▶ ACTIVITY: What you should give back is a precise copy of the lines below from the one containing "Giảm ngay 1.000.000" through the one containing "3D Vintage Chess", with no pictures.

▶ MATERIALS PROVIDED:
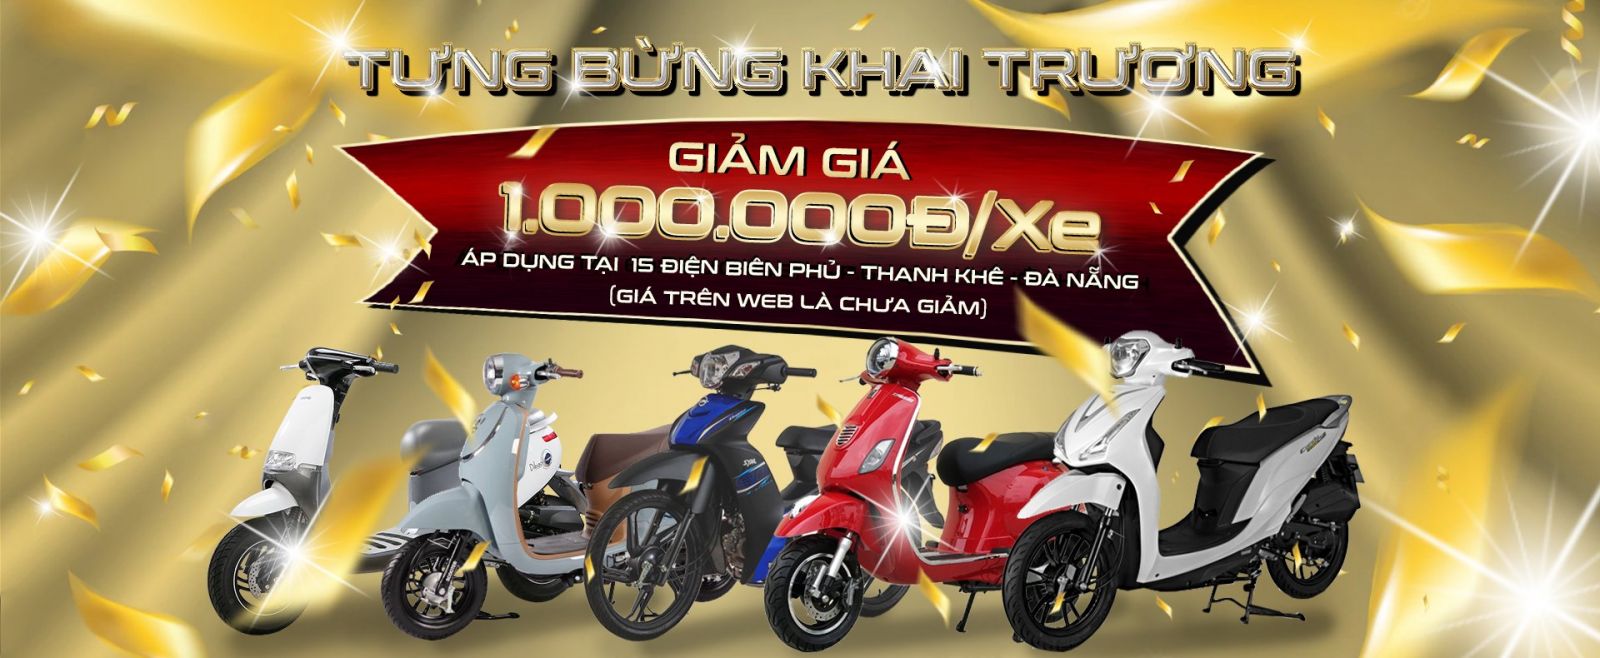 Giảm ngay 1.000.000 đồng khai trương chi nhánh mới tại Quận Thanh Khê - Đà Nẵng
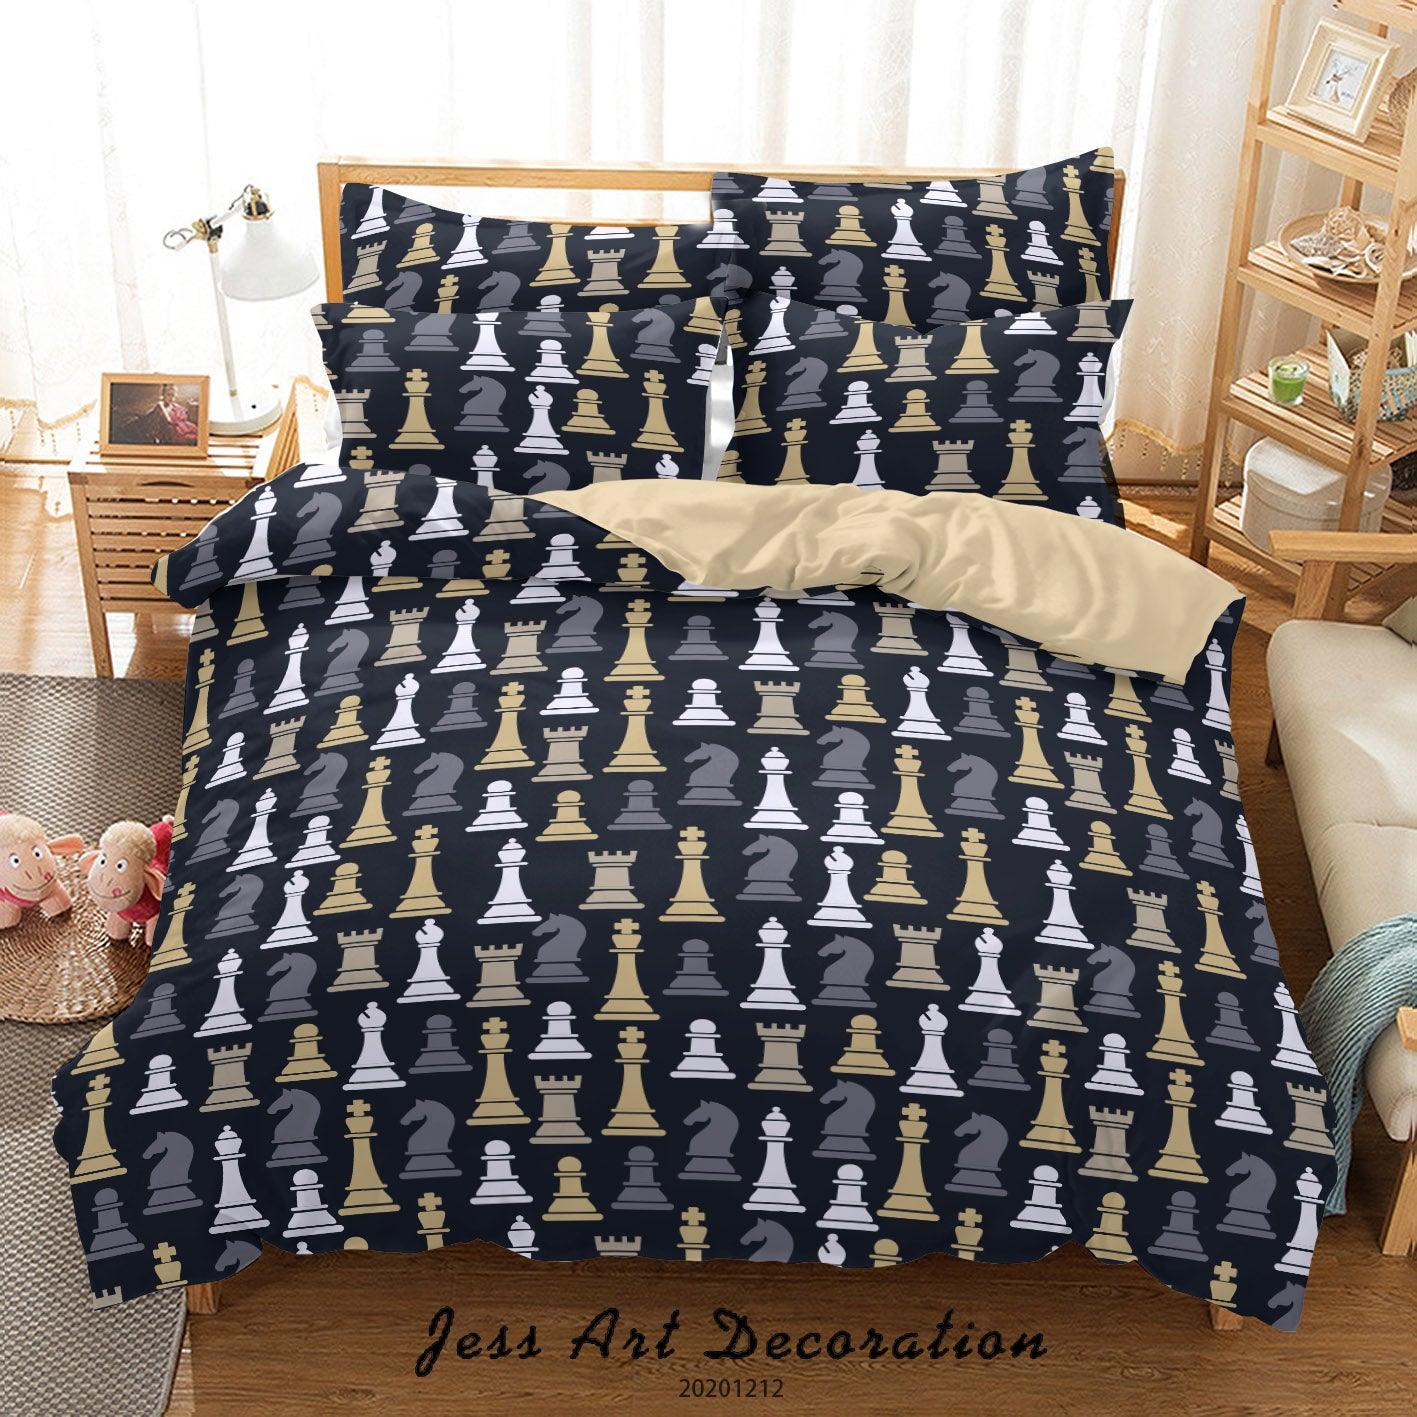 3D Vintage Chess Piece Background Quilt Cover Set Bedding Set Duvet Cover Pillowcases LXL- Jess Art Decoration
==
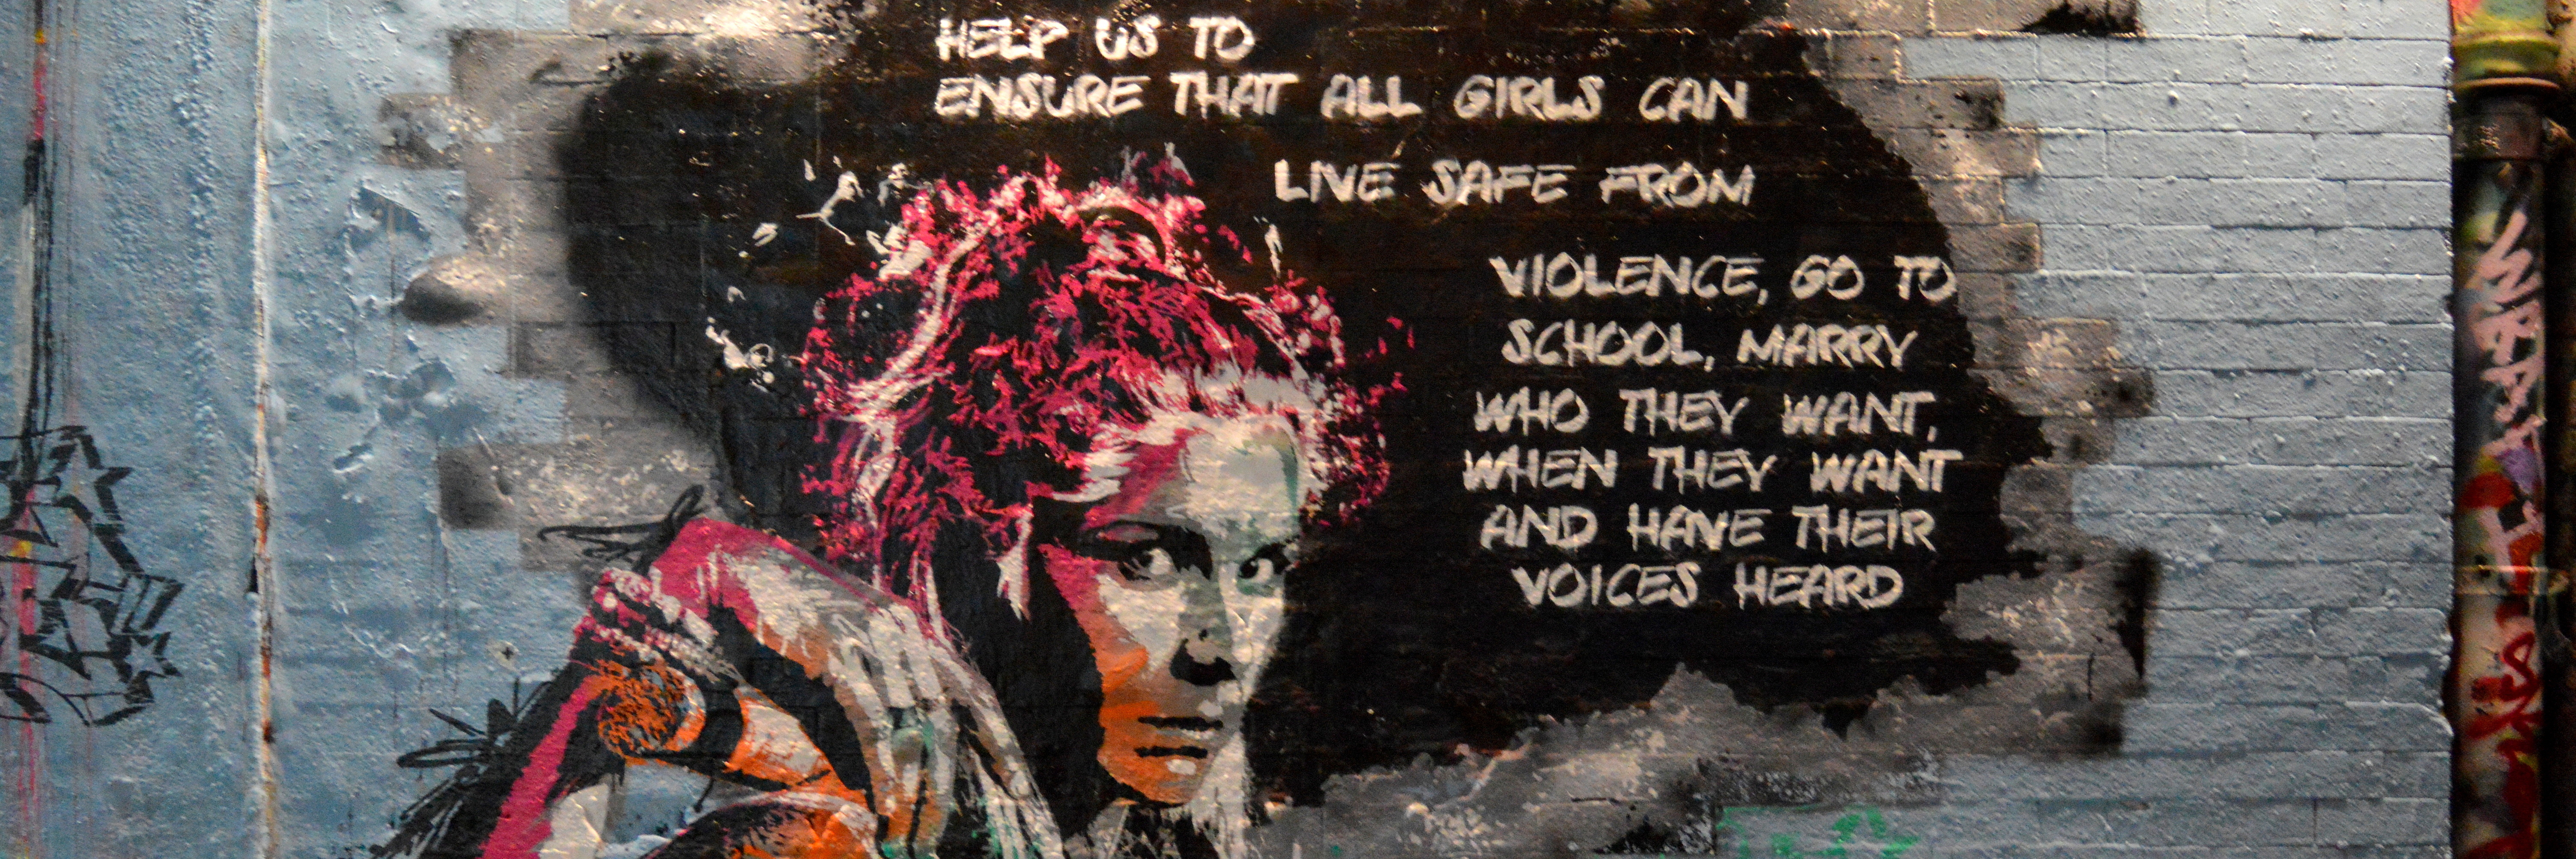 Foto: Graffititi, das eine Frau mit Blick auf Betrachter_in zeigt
...
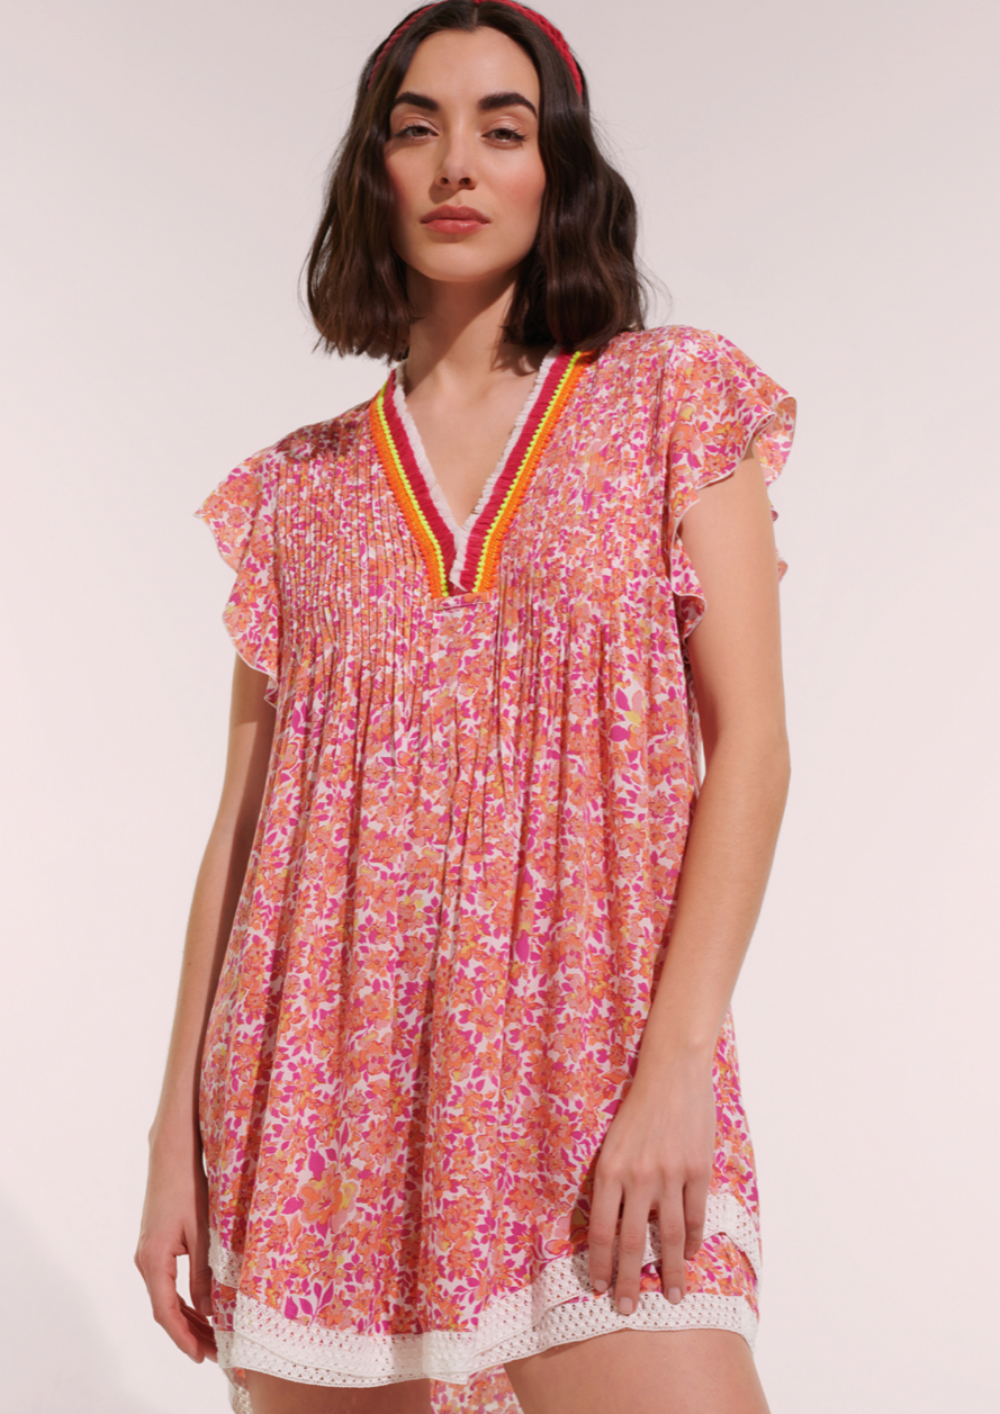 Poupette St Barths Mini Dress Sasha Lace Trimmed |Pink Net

▶ PROBLEM SOLUTION:
 Giảm ngay 1.000.000 đồng khai trương chi nhánh mới tại Quận Thanh Khê - Đà Nẵng
 3D Vintage Chess Piece Background Quilt Cover Set Bedding Set Duvet Cover Pillowcases LXL- Jess Art Decoration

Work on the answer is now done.